Гаятри и Васяня под крылом московской «тантры» - Лю Ив
Шрифт:
Интервал:
Закладка:
На самом деле в те годы бабушка постоянно присматривала за Васей, и только иногда он её выпроваживал – обычно в магазин чего-нибудь купить, – всегда придумывал убедительную причину чтобы спровадить бабулю.
С тех пор Васяне часто снилась мама, и всегда она смеялась приятным смехом, и кокетливо поворачивалась спиной. Когда впервые он испытал оргазм – тоже вспоминал её.
Позже Вася всё же попробовал… Даже под страхом смерти он не признался бы никому, как однажды достал из холодильника тонкий парниковый огурец и пробовал пропихнуть его в себя сзади. При этом он стоял спиной к зеркалу и поворачивал голову, стараясь улыбаться и смотреть, как упорно огурец толкается в его совсем ещё худую попу.
Вообще-то, дядя Миша ему нравился. Такой внимательный, интеллигентный, умный. Васяне хотелось стать таким же, когда вырастет. К тому же, он постоянно дарил мальчику подарки, например, обалденный вертолёт с пультом управления или железную дорогу! И даже настоящий велосипед – не детский трёхколёсный, а спортивный – с тонкими шинами.
Когда Вася подрос, то уже понимал, что делал в тот день дядя Миша с его мамой. Но, как ни странно, продолжал хорошо относиться к отчиму. А если быть ещё честнее – в тайных дебрях души Васяня завидовал и мечтал побывать на месте дяди Миши… Или хотя бы – (эту мечту нельзя было озвучить даже перед самим собой) – побывать там вместе с дядей Мишей. Звать его папой Вася так никогда и не смог. К тому же, они вскоре уехали жить в Израиль. Отдали мальчика на воспитание бабке с дедом, квартиру продали и уехали…
С тех пор они мало о себе писали. У них даже родилось ещё двое детей. Однажды бабушка хотела показать фотографии двух карапузов-близняшек, но… – Вася отбросил фотки на пол и убежал на улицу. И там расплакался.

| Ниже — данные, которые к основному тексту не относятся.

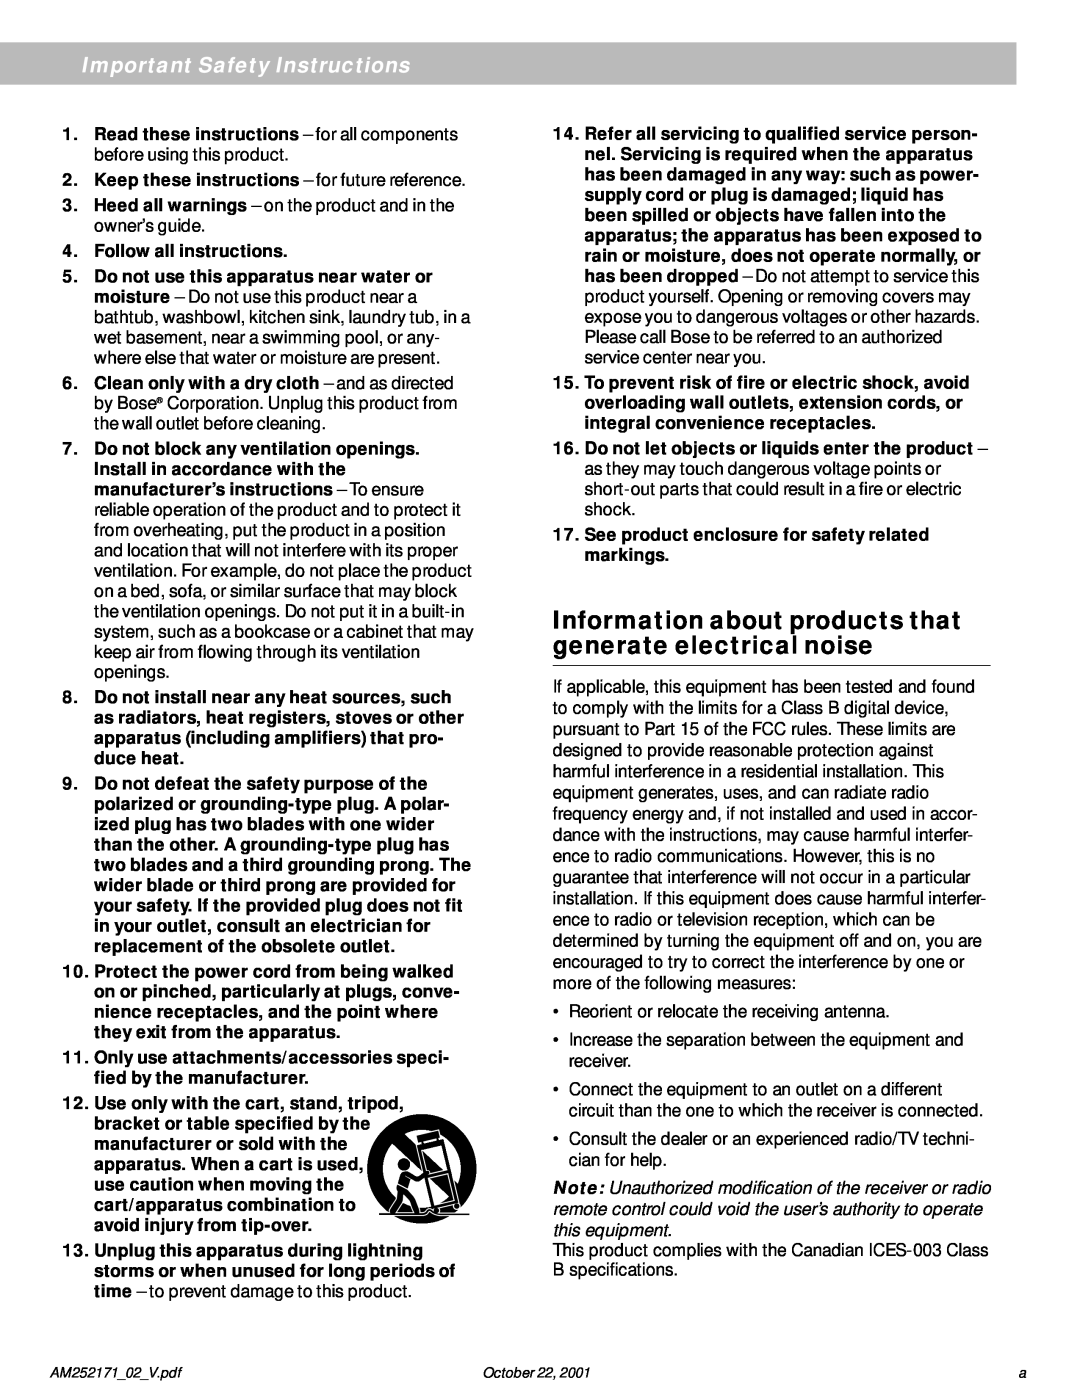 Bose 3 Series manual Information about products that generate electrical noise, Important Safety Instructions

Так и получилось, что Васяня жил у бабки и после смерти деда – тихо мстил бедняге за то, что та когда-то согласилась взять его под свою опеку. Ведь, если бы ни бабка – мать не смогла бы его бросить! – В этом Василий был убеждён, хотя, разумеется, никогда не делился этим ни с одной живой душой.
Часть третья
Бабка и дед
Бабка Бурмистрова всю жизнь прожила с одним мужем – пусть и зловредным, но хозяйственным и не гулякой. Тот научил её вести хозяйство, исправно убирать в доме и готовить жрачку – у них даже листок висел на кухне, специальный – с требованием, чего и когда готовить. Остальное деда сильно не волновало. Ну, может, разве что дед требовал бережливости… Доставалось ей порой, чтобы «варежку не разевала» на всё подряд, а покупала строго то, на что получила одобрительную санкцию деда – хозяина в доме.
Больше ничего особенного в жизни бабки с дедом Васяня не примечал.
Фотографии она любила рассматривать… Частенько. Хранила их бережно, в старом альбоме – совсем истёртые, сделанные ещё до Царя Гороха! – Хлам, короче! Весь её род был запечатлён на отдельных, прямо важнее не бывает снимках.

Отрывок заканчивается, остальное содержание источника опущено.